Nortel Networks continues to expand its business globally and, as such, an increasing proportion of its business will be denominated in currencies other than U.S. dollars. As a result, fluctuations in foreign currencies may have an impact on Nortel Networks' business and financial results. Nortel Networks endeavors to minimize the impact of such currency fluctuations through its ongoing commercial practices and by attempting to hedge its exposures to major currencies. In attempting to manage this foreign exchange risk, Nortel Networks identifies operations and transactions that may have foreign exchange exposure, based upon, among other factors, the excess or deficiency of foreign currency receipts over foreign currency expenditures in each of Nortel Networks' significant foreign currencies. Nortel Networks' significant currency flows for the year ended December 31, 1998, were in U.S. dollars, Canadian dollars, United Kingdom pounds and French francs. For the year ended December 31, 1998, the net impact of foreign exchange fluctuations was a loss of $110 million as compared with a loss of $70 million for the same period of 1997. Given the devaluation of the Brazilian real and its continued volatility and Nortel Networks' exposure to this market and other international markets, Nortel Networks continuously monitors all its foreign currency exposures. As Nortel Networks cannot predict whether foreign exchange losses in Brazil and other countries will continue to increase in the future, significant foreign exchange fluctuations may have an adverse impact on Nortel Networks' results from operations.

Interest Expense

Interest expense increased by $109 million in 1998 compared with 1997. The increase is mainly due to the increased use of short-term debt, primarily in Colombia and Brazil, increased use of commercial paper, and an increase in short-term interest rates, which was partially offset by lower interest on long-term debt.

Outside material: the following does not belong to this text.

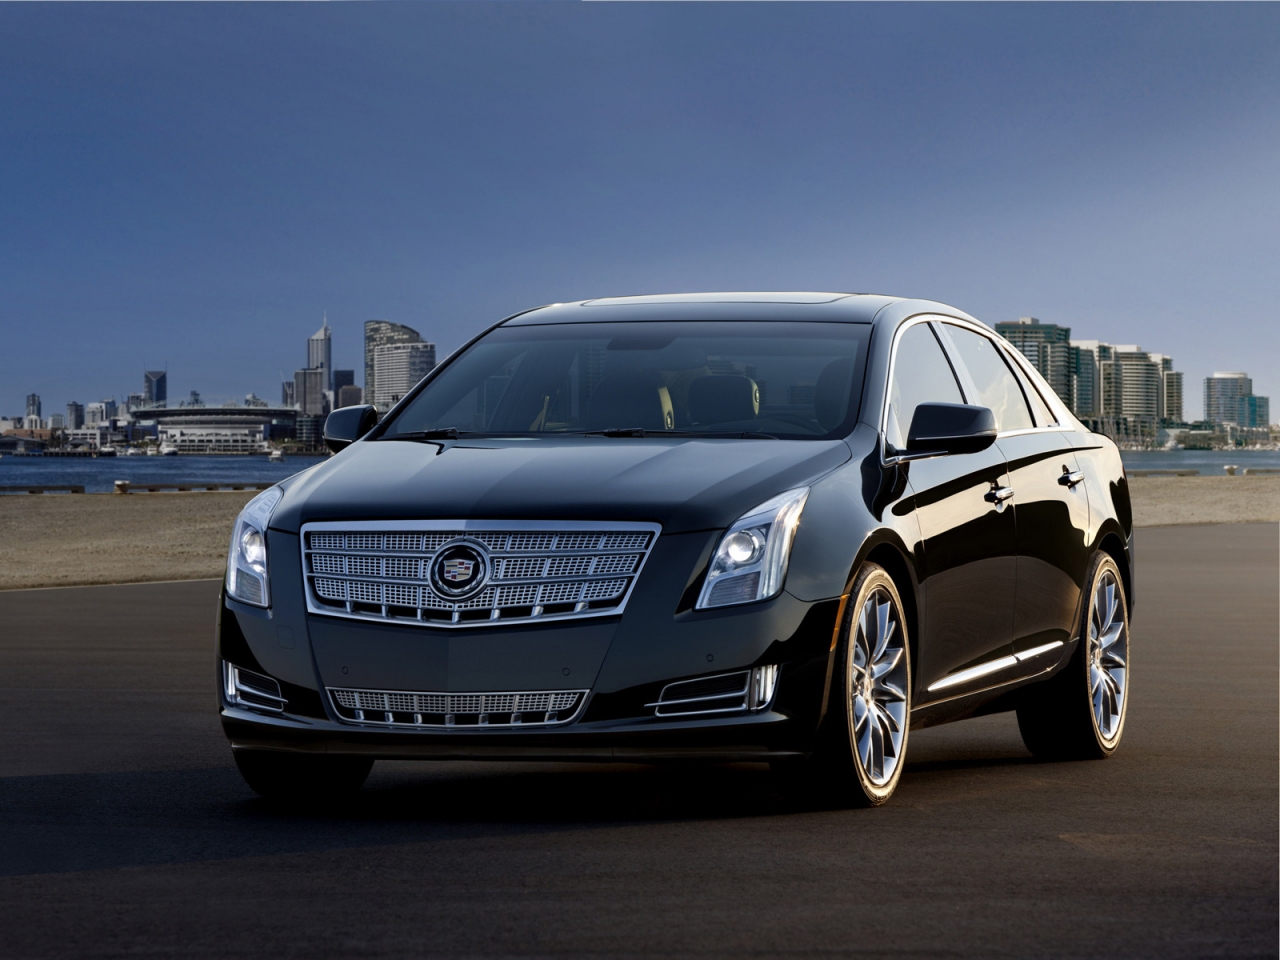 2013 Cadillac XTS for 1280 x 960 resolution

Streamlining of Business Processes

On January 13, 1999, Nortel Networks announced the acceleration of its operations strategy designed to better meet the rapidly changing needs and values of its customers worldwide. The strategy will simplify and streamline Nortel Networks' businesses and operations processes, including Nortel Networks' order-entry and fulfillment, delivery, service, and manufacturing systems over the next three years.

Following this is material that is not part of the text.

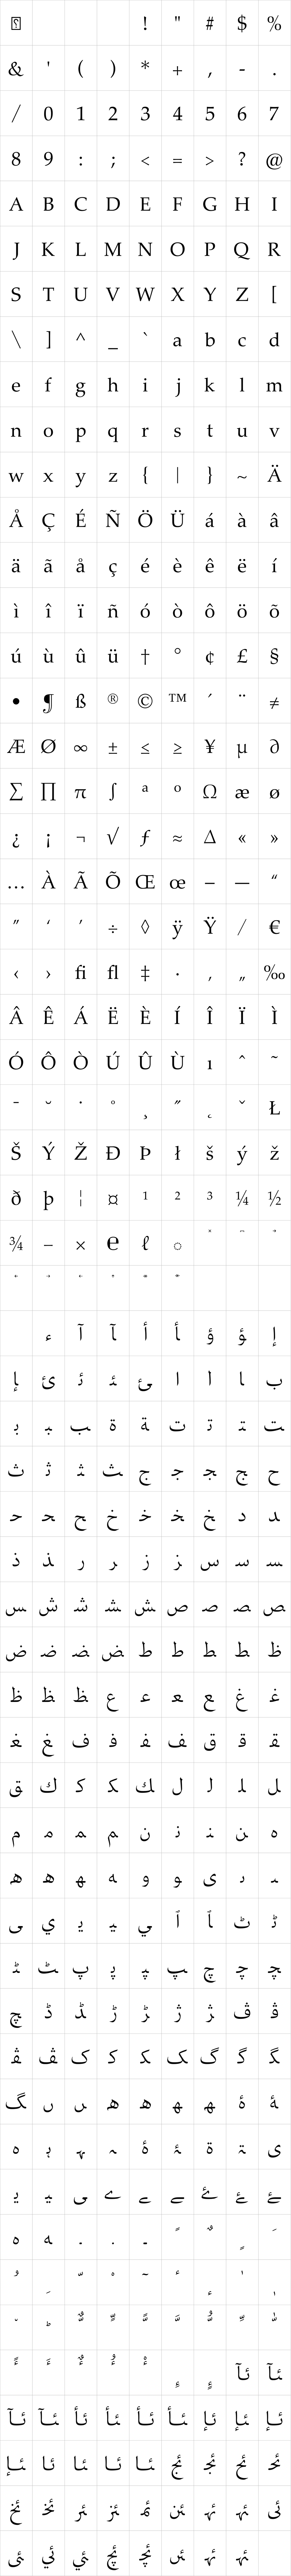 Palatino Arabic Regular image

The operations strategy will involve plant divestitures, manufacturing rationalization, greater reliance on outsourcing, and redeployment of employees. Approximately 10% of Nortel Networks' workforce will be affected by the program. Divestitures, retraining, and attrition will minimize employee impact. The efficiencies generated by the program are not expected to significantly impact 1999 results from continuing operations, but will position Nortel Networks for future growth. Over the coming years, the impact of the operations strategy is intended to contribute to Nortel Networks' presence in the marketplace, growth in market share, higher revenue growth, and, ultimately, higher earnings growth.

Litigation

See notes to consolidated financial statements, Note 11(d).